May 29th 2018 – Proverbs 10:14-17

14 The wise lay up knowledge,
    but the mouth of a fool brings ruin near.
15 A rich man's wealth is his strong city;
    the poverty of the poor is their ruin.
16 The wage of the righteous leads to life,
    the gain of the wicked to sin.
17 Whoever heeds instruction is on the path to life,
    but he who rejects reproof leads others astray.

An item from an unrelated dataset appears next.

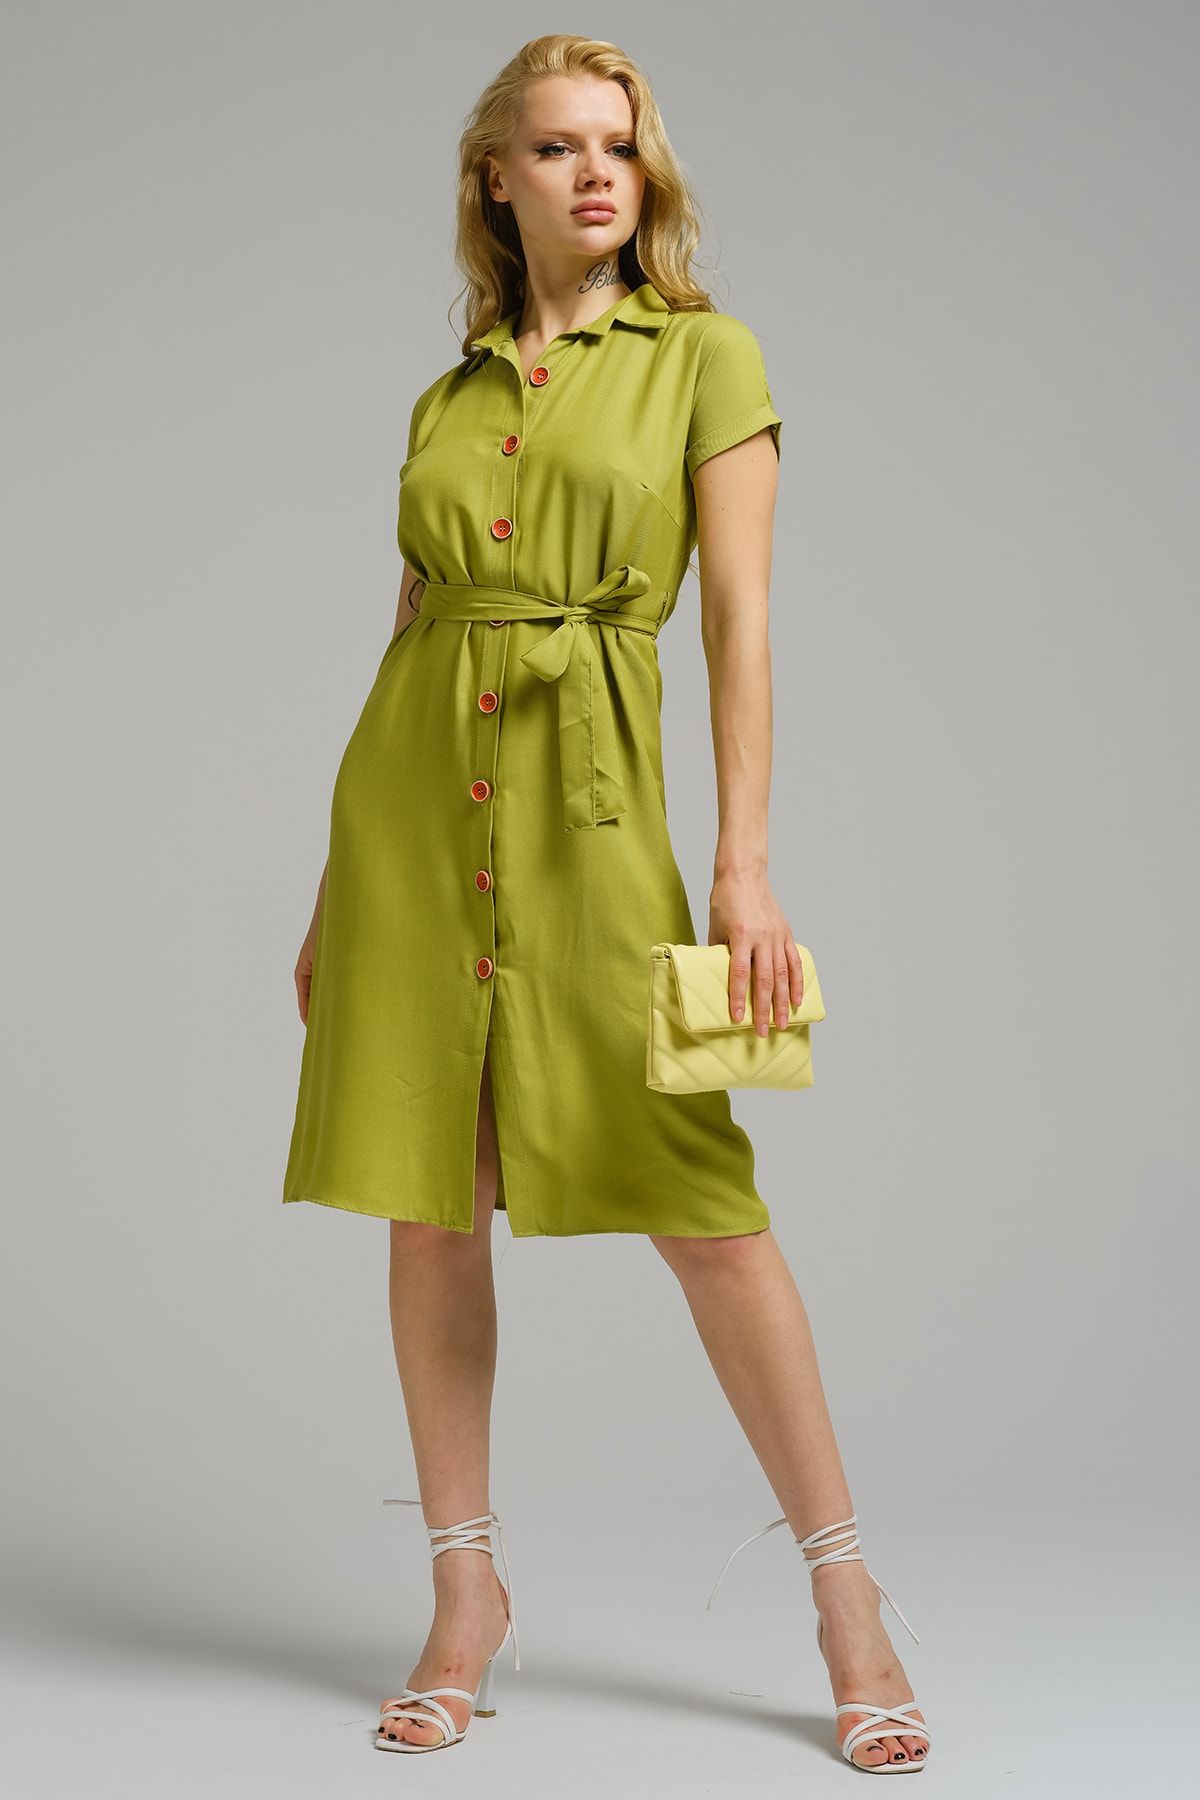 Kadın Yağ Yeşili Beli Kemerli Kısa Kol Gömlek Elbise ARM-19Y001068

'Lay up' in 14 means, according to Kidner 'keep in store for the right occasion', and the reference is to discretion. The RSV renders 14b more clearly: 'the babbling of a fool brings ruin near'. We could link this with what was said in yesterday's Note. In relation to gossiping - what harm it can do, and what dangerous situations it can create. But it has a more general reference also: we have all known occasions in company when something ill-advised and indiscreet has been blurted out which has caused endless embarrassment and even hurt. A discreet person would have had more sense than say such a thing. We must not read more into 15 than is intended: all that is being emphasised is that realism, not romanticism, must be the criterion in matters of money. Nor must we read too much into the contrast between rich and poor, as if being rich were equated with righteousness and being poor with sin. There is no thought in 15 and 16 of the problems of grinding poverty, the poverty that is not a man's fault. Rather, what underlies the teaching here is the general contrast that these chapters deal with between prudence and improvidence. The idea is that the man who is prudent is a man who is likely to get on in life, and the man who is improvident won't. It is all a question of what and how much a man is prepared to discipline in his life. A man uses his possessions according to his character: if he is a disciplined character, his labour will be put to good use, and there will be fruit from it; if he is not, his money will go down the drain in smoking, drinking and gambling. The money that some men and their wives have spent on smoking cigarettes for the past twenty five years would have been enough to have bought them a very substantial house and property. This is the kind of idea these verses have in mind.